5. Formula Concordiae – um innerprotestantische Kontroversen zu entscheiden und zur Ausscheidung des Calvinismus; verfasst von Jakob Andreä (1528–1590), Martin Chemnitz, Nikolaus Selnecker (1530–1592), David Chyträus (1531–1600) und Andreas Musculus (1514–1581) zu Klosterbergen 1579.

Diese Symbole sind zusammengefasst in der Concordia (Liber Concordiae), welche mit Vorrede und Unterzeichnung der evangelischen Stände der Kurfürst 1580 zu Dresden herausgab. Allerdings wurde lediglich die Confessio Augustana von allen lutherischen Kirchen anerkannt, während die Formula Concordiae von mehreren lutherischen Landeskirchen verworfen wurde.

In der weiteren Entwicklung des Protestantismus wurde der Begriff ‚Dogma‘ immer mehr als unzulänglich zur Beschreibung der normativen Gehalte der christlichen Religion verstanden, und im Zuge der Auseinandersetzung mit der Reformation und der Aufklärung gewinnt er in der römisch-katholischen Kirche einen immer höheren Stellenwert. Bestimmend wird in der römisch-katholischen Kirche die Fassung, die dem Dogma Vinzenz von Lerinum gegeben hat, dessen Commonitorium pro catholicae fidei antiquitate et universitate 1528 neu ediert wird.

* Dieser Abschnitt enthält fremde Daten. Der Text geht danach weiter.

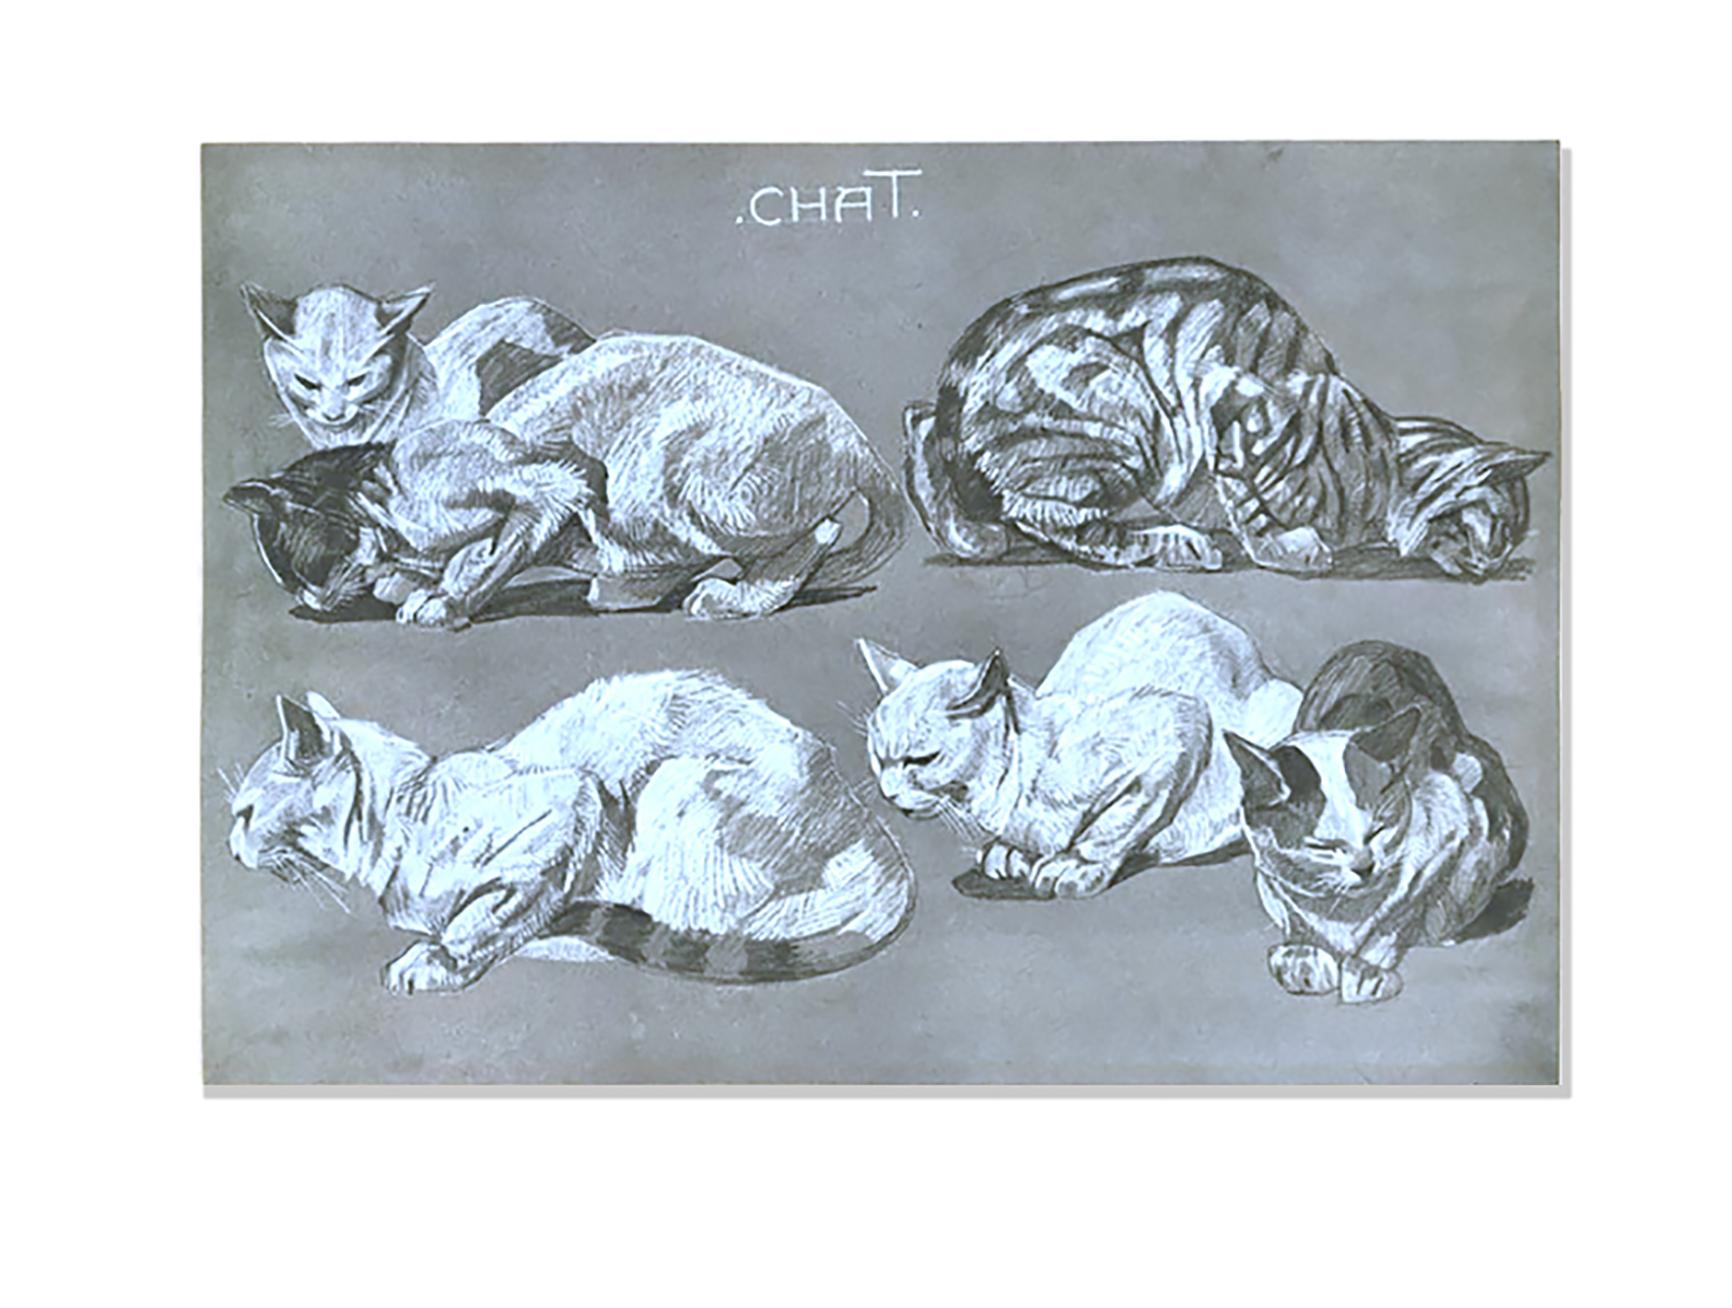 Chat -Études d'animaux, de Méheut, Mathurin, 1882-1958 (Artist) - The Digital Public Library of America-NYPL catalog ID (B-number): b13983745

Aber erst im 19. Jahrhundert setzt sich im Sprachgebrauch der römisch-katholischen Kirche der von Vinzenz geprägte Begriff des Dogmas gegenüber der älteren Bezeichnung articulus fidei durch. Im Gefolge des I. Vatikanischen Konzils wird unter dem Dogma ein Lehrsatz verstanden, der Kraft kirchlicher Sanktion oder direkter göttlicher Offenbarung Unfehlbarkeit beansprucht. Dem von dem kirchlichen Lehramt formulierten Dogma, und nur diesem, kommt für den Glauben des Einzelnen bindende und verpflichtende Autorität zu.

Abgrenzung gegen den Katholizismus

Ein solches Verständnis des Dogmas ist im Protestantismus schon aus dem Grund nicht denkbar, weil er keine kirchliche Instanz kennt, die in der Lage wäre, ein solches Dogma verbindlich zu definieren. Auch dort, wo man innerhalb der protestantischen Theologie auf den Begriff des Dogmas zurückgreift, kann er nicht im Sinne eines von der Kirche mit quasi göttlicher Autorität formulierten Lehrsatzes verstanden werden. Protestantische Theologen wie Adolf von Harnack, Wilhelm Herrmann oder Ernst Troeltsch haben deshalb auf dem Hintergrund seiner neuzeitlichen Entstehungsgeschichte den Begriff Dogma als spezifisch katholischen Begriff für die protestantische Glaubenslehre abgelehnt ([84]). Der Ablehnung und berechtigten Kritik am Begriff des Dogmas auf dem Hintergrund seiner historiographisch rekonstruierten Problemgeschichte einerseits und seiner römisch-katholischen Fassung andererseits geht es freilich auch dem Protestantismus um eine normative Selbstreflexion der eigenen Religionskultur.